Differences in serum autoantibody levels and changes in the B cell compartment in CD28−/− mice. WT and CD28−/− NOD.H-2h4 mice were given NaI in their drinking water beginning at 8 weeks of age. After 8 weeks, serum anti-MTg autoantibodies were determined (A) and splenocytes were stained for CD19, B220, CD21, and CD23 (B–E) and analyzed by flow cytometry. Thyroids were stained for B220, CD45, and CD138. (F, G) (A) Serum anti-MTg autoantibody production from was determined using 1/50 and 1/100 dilution of serum from individual mice and is expressed as mean OD₄₁₀ ± SEM. * p < 0.05, *** < 0.001, Student’s t-test N= 20(WT), 18(CD28−/−) from 3 experiments. (B) CD19+ cells as a percentage of live gated cells. (C) Dot plots show CD21 and CD23 expression on B220+ cells. Representative dot plots from mice in D and E (D) Follicular B cells as a percentage of B220+ cells. (E) Marginal zone B cells as a percentage of B220+ cells. N = 12 (WT) and 17(CD28−/−) mice pooled from 6 experiments. (F) B220+ cells as a percentage of CD45+ cells. (G) CD138+ cells as a percentage of CD45+B220+ cells. Results are pooled from two independent experiments with N = 5(WT) and 4(CD28−/−) mice per group.

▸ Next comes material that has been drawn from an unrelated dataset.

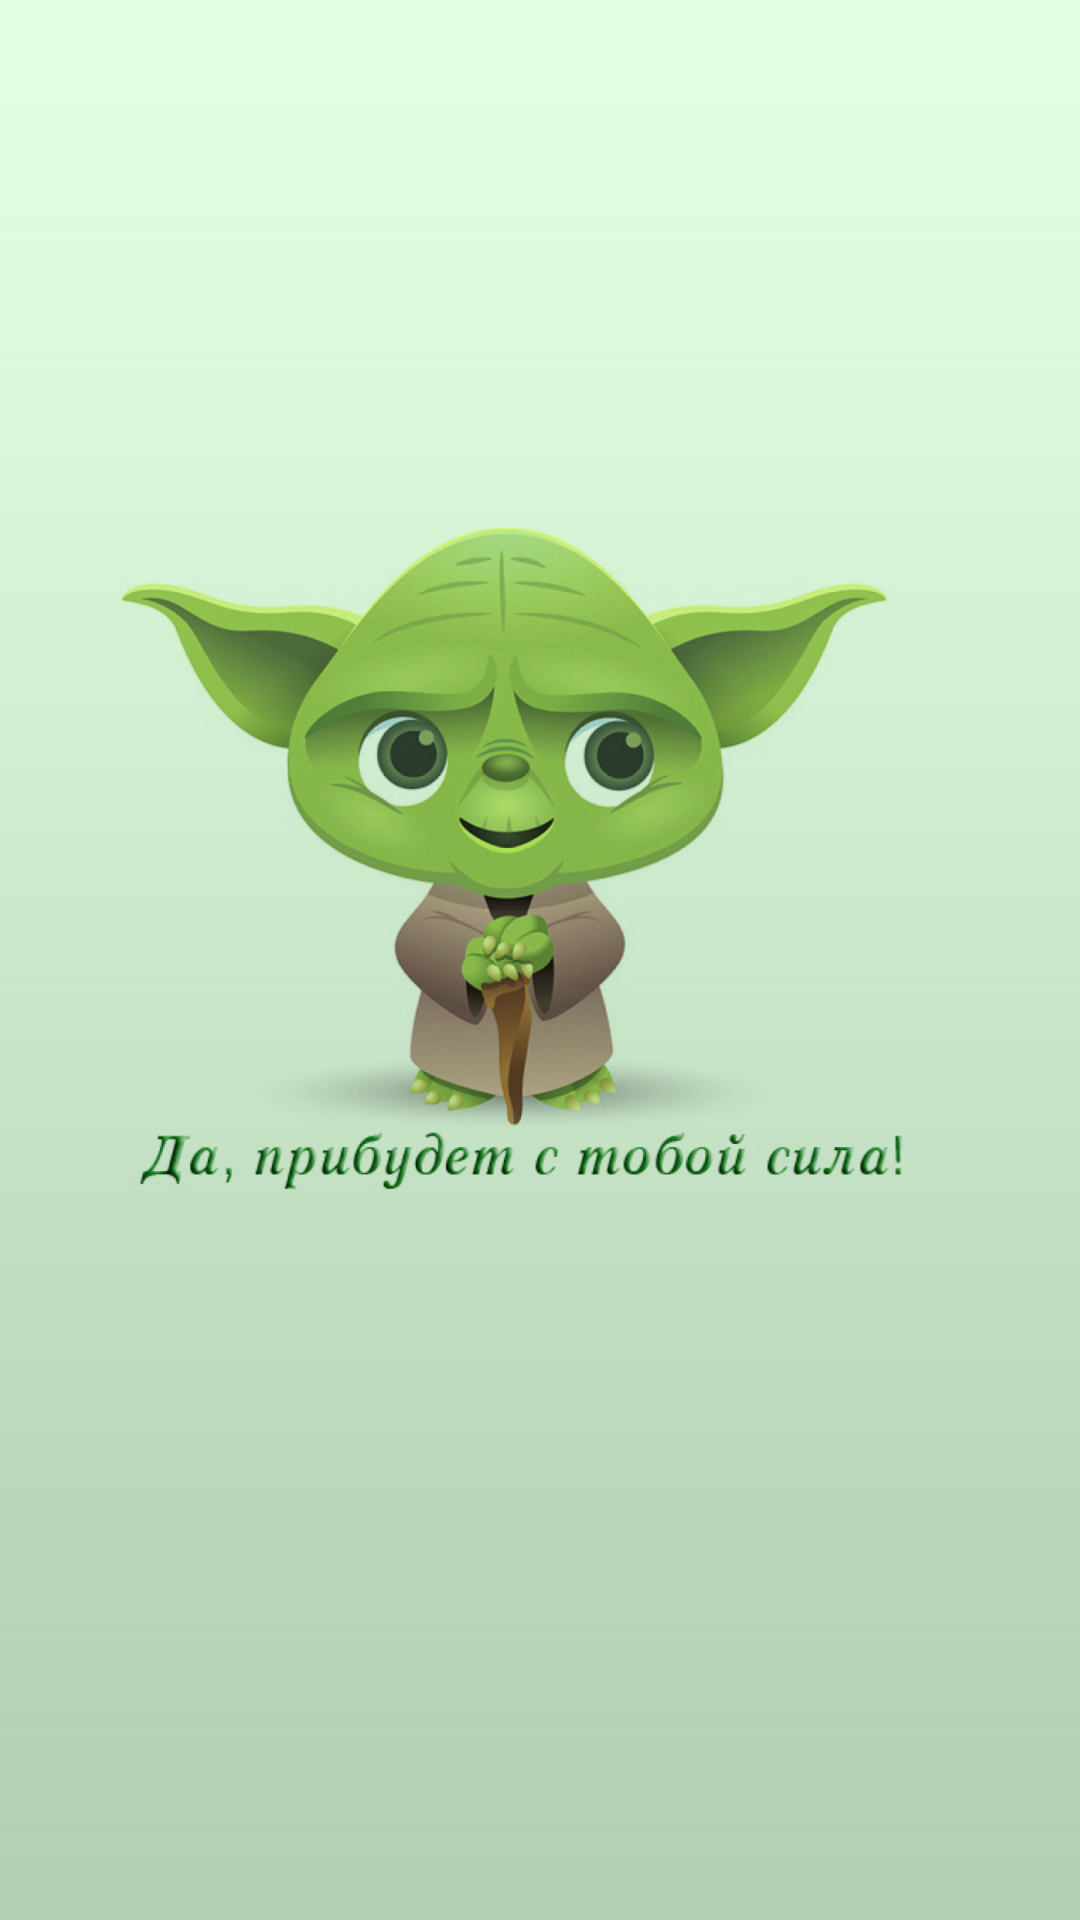 Yoda screenshot #1 1080x1920

Each symbol represents a single mouse and bars represent the mean of each group. * p < 0.05, Student’s t-test.

Figure 6

CD28 deficient B−/− mice have reduced Treg numbers and develop ISAT similar to WT mice. (A) Splenocytes from WT B−/− and CD28−/−B−/− mice were analyzed by flow cytometry for the presence of CD4+FoxP3+ Treg. Dot plots of representative mice from each group indicating the percentages of splenic CD4+ cells that express FoxP3 are shown (top). Data are shown as mean ± SEM of N = 6(Spleen B−/− and CD28−/−B−/−) and 3(LN B−/− and CD28−/−) per group and are pooled from 2 experiments. * p<0.05, ** p<0.01 compared with respective control CD28+ group, Student’s t-test. (B) WT, CD28+/+B−/−, or CD28−/−B−/− mice were given NaI in their drinking water for 8 weeks, and ISAT severity was determined. (N= 19(WT), 13(WT B−/−), and 16(CD28−/−B−/−) mice per group) * p < 0.05, ** p < 0.01, Mann-Whitney nonparametric test. (C) Splenocytes from WT B−/− or CD28−/−B−/− mice given NaI water for 8 wks were stained for the presence of CD4, CD28, FoxP3 and CD27, GARP, GITR, or TNFR2 p75. Plots represent the percentage of CD4+FoxP3+ cells positive for the indicated marker. (N=7 mice per group combined from two experiments) ** p < 0.01; * p < 0.05, Student’s t-test.